Posts Tagged ‘hate’

Causing offense

May 16, 2015

Easter 7 – 2015

John 17:6-19

Marian Free

 In the name of God who with us enters into the messiness of this world and who endures the hatred of those who do not understand and cannot accept God. Amen.

Modern technology is wonderful. On my computer I have a wonderful Bible programme called Accordance. With the push of a button I can find out how many times a word occurs in a particular book of the bible and how that compares with its occurrence in other books. For example, I have just popped in the word “κοσμος” (world). The “hits graph” shows me that this word occurs far more often in John’s gospel that anywhere else in the New Testament – far outweighing its occurrence in the other gospels and most of the other books. Further, the graph indicates that John’s use of ‘kosmos” increases (quadruples) in the later chapters – as you can see for yourselves.

Occurrences of cosmos in New Testament

Occurrences of cosmos in New Testament

For those who are interested in such things, the word “kosmos” occurs 78 times in John’s gospel, 23 in 1 John and 21 in 1 Corinthians. The concordance key tells me exactly where to find each of the 186 occurrences of the word, so were I to be researching this in detail I could examine each usage in its context to determine whether the New Testament writers use the word in the same or different ways which in turn would tell me something about the message that each author is trying to present. Today I am content to note that the majority of occurrences of the word in John’s gospel occur in chapter 17, the portion of the gospel assigned to us this morning.

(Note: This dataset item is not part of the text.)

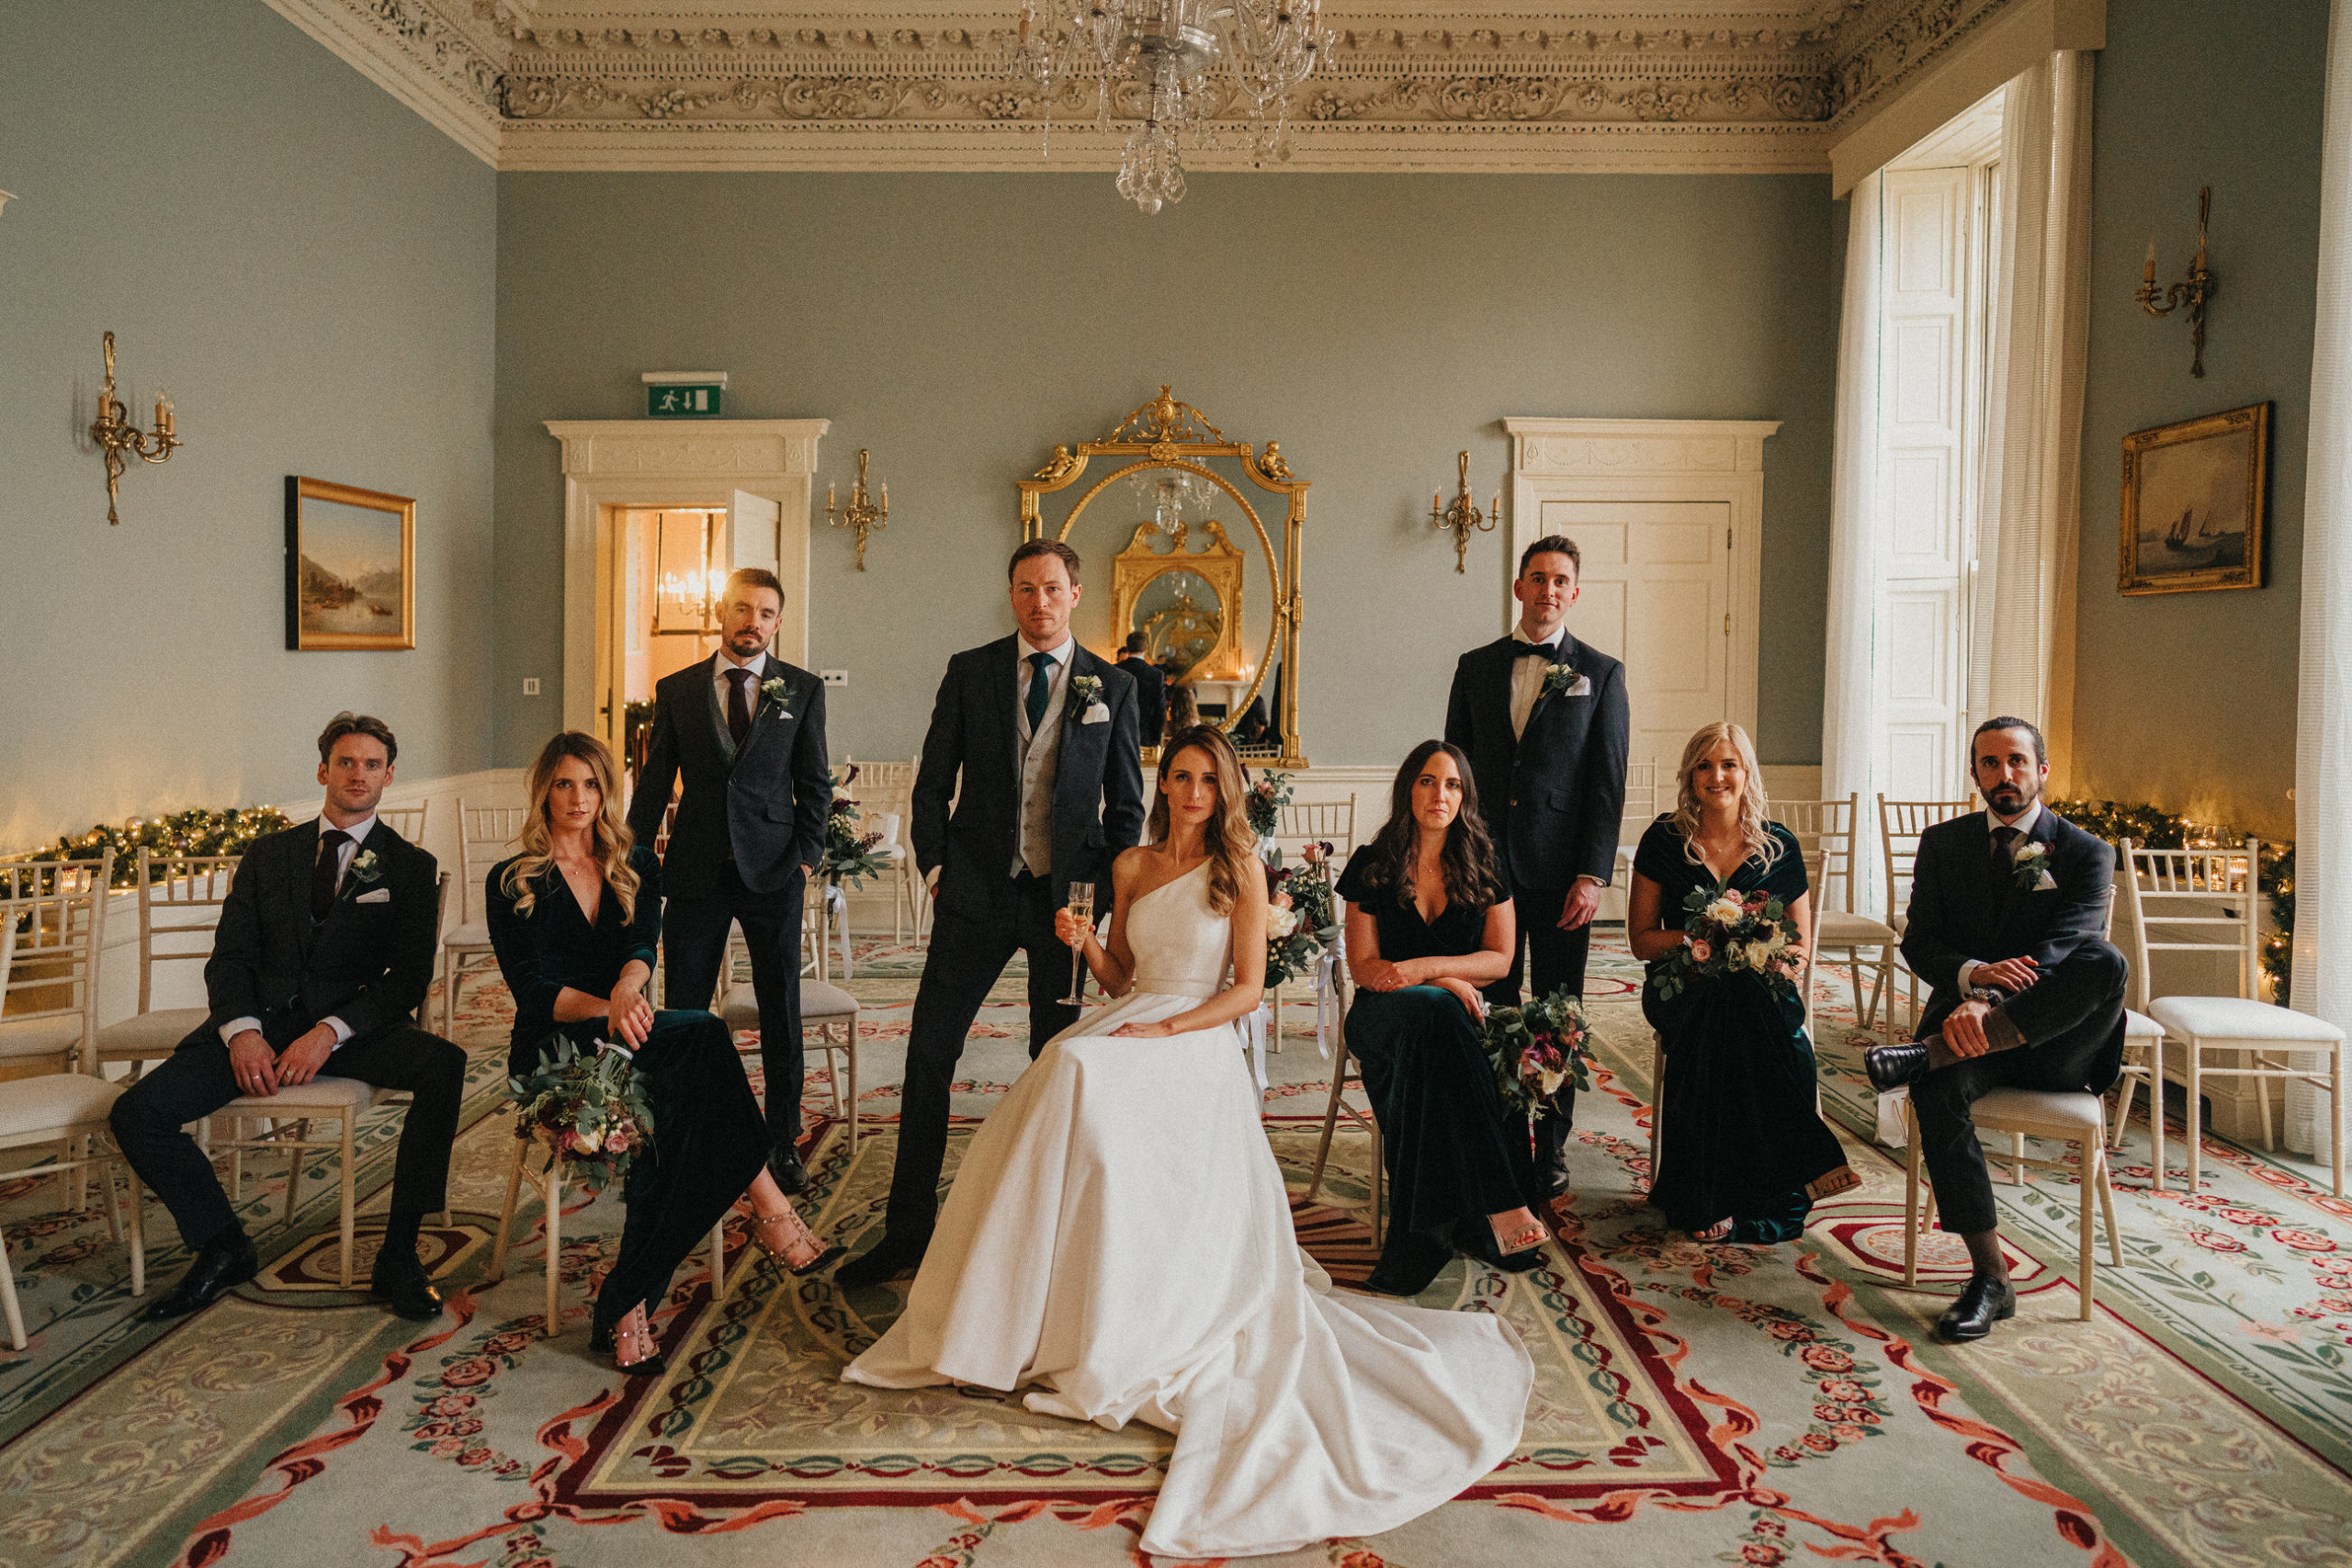 Wedding-photographer-Dublin-Pawel-Bebenca 66

In John’s gospel the word “kosmos” is used in a number of ways that can be summarised: “the world in contrast to the heavens”, “the created world” and “human society”. It can be used positively, negatively and neutrally. So for example the created world is neutral and the world in contrast to the heavens is negative. When the word is used in the sense of humanity, it can be used in all three senses: “the world has gone after him” (12:19 – neutral), “God so loved the world” (3:16 – positive), “the world has hated them because they are not of the world” (17:14 – negative).

John’s gospel presents Jesus as a divisive figure. The way in which people respond to him reveals their innermost self, their true character. According to John, Jesus does not come to condemn the world but to save the world, however by their reaction to Jesus, people in effect judge themselves. That is, they make a choice to accept or to reject Jesus. In rejecting Jesus, they reject God and in turning way from Jesus they demonstrate that they are not able to accept Jesus’ word (a word that he has received from God). Their rejection of Jesus demonstrates that they belong to the world (that is the world that is opposed to Jesus and therefore to God).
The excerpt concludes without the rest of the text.